Campus Blues !

Publié le mardi 3 septembre 2013

 La promotion 86-90 du département de Lettres modernes de la Flash de l’époque, une promo-choc.

Nous nous sommes retrouvés là, chacun venant de divers horizons et issues de cultures variées : Burkinabé ‘’natif-natal’’, ‘’diaspos’’, ivoiriens de souche séculaire ou multiséculaire, nés de père et de mère et / ou ivoiriens (rires) mais tous animés de la même rage de vaincre et de la soif d’apprendre.

Un grand nombre de nos professeurs se sont fait la main avec notre promotion dans leur service Sernapo ou SNP. Nous étions un peu leurs ‘’cobayes’’, car leurs premiers étudiants universitaires. Ils étaient jeunes comme nous et le dialogue passait bien et également avec les aînés, les doyens.

Ils se donnaient tous (nouveaux venus et anciens) corps et âme à nous faire acquérir l’esprit critique ; c’était encore la belle époque du métier d’enseignant vu comme un sacerdoce. Ils n’avaient aucun moyen, peu ou pas de livres avec une bibliothèque vide ou remplie de livres vieillots et déchirés à exemplaire unique qu’on ne pouvait que consulter sur place. Et à cette époque, on ne parlait même pas d’ordinateurs, à plus forte raison d’Internet. Mais ils étaient toujours animés du désir de nous donner le meilleur d’eux-mêmes, d’ouvrir nos horizons de critiques littéraires, grammairiens, sémioticiens, dramaturges, spécialistes de l’oraliture.

Ainsi, nous avions dans nos programmes de cours très chargés (13 et 14 matières à la 1ere et 2e année) de la littérature russe, québécoise, africaine incluant tous les pays francophones et anglophones et même lusophones, ainsi que de la linguistique (tronc commun), le Mooré et le Jula.

Nous avons assisté aux balbutiements de l’institutionnalisation de la littérature burkinabè avec ce colloque international de grande envergure tenu au sein même de notre mythique amphi 1.

Nous aimions débattre et l’année de Licence nous en donna plus l’occasion car nous avancions vers chacune de nos spécialisations respectives, le nombre de cours généraux avait diminué et le programme se centrant davantage sur nos options préférentielles.

Dans cette ambiance bon enfant mais très studieuse, nous aimions taquiner nos profs qui étaient un peu nos tontons et koros. Pas de femme prof encore dans ce corps enseignants de Lettres, ce qui m’avait toujours intriguée, soit dit en passant.

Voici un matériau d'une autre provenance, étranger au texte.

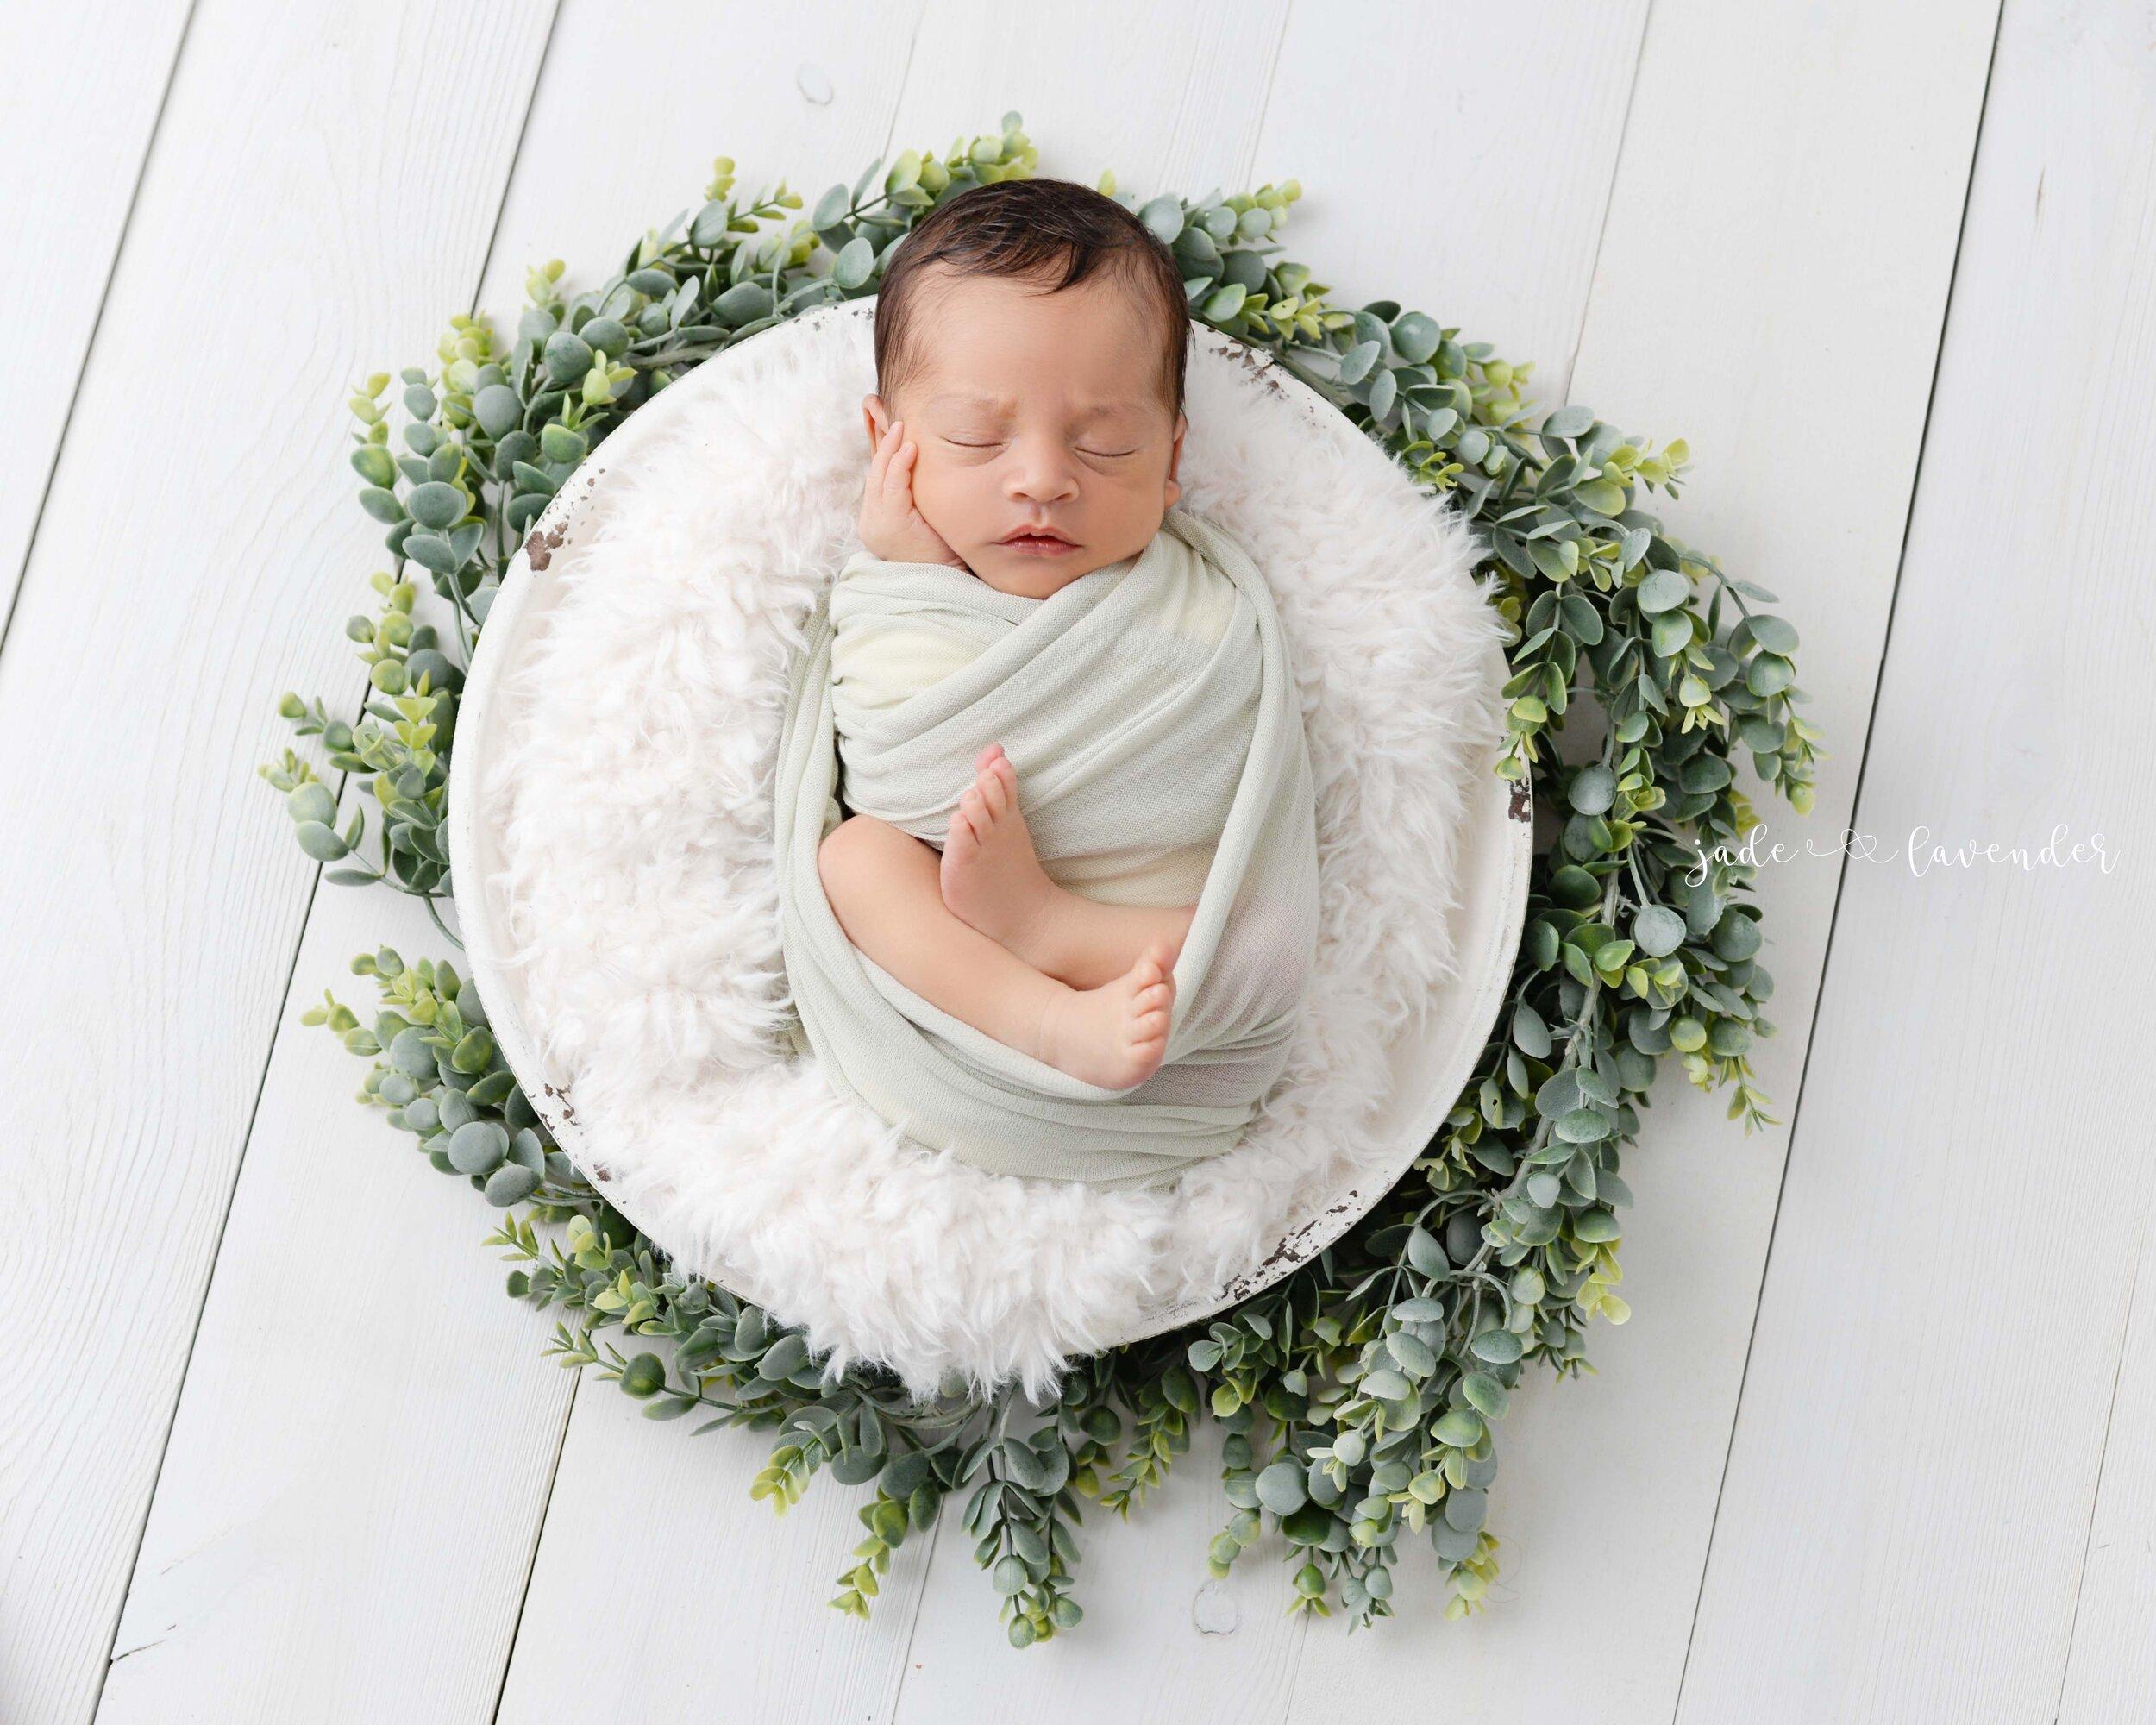 Newborn-family-photos-baby-images-infant-photography-spokane-washington (5 of 7).jpg

Ainsi, nous avions surnommé chacun d’eux. Je ne vais pas tous vous les énumérer car certains n’étaient vraiment pas sympa ; je le reconnais comme par exemple ‘’le toqué’’ ou ‘’le toquard’’. Vous ne saurez jamais donc qui nous appelions ainsi. Rires.

Sanou Salaka qui nous enseignait entre autres matières la littérature russe, nous l’avions affublé du nom de Gogol, auteur qu’il affectionnait particulièrement.

 Sanon Bernardin (paix à son âme) qui ne manquait jamais d’attaquer les Mossé en bon Samo et m’appelait ``Angela Davies``, on lui a collé sa phrase préférée : ‘’ Vous verrez, on vous le dira’’.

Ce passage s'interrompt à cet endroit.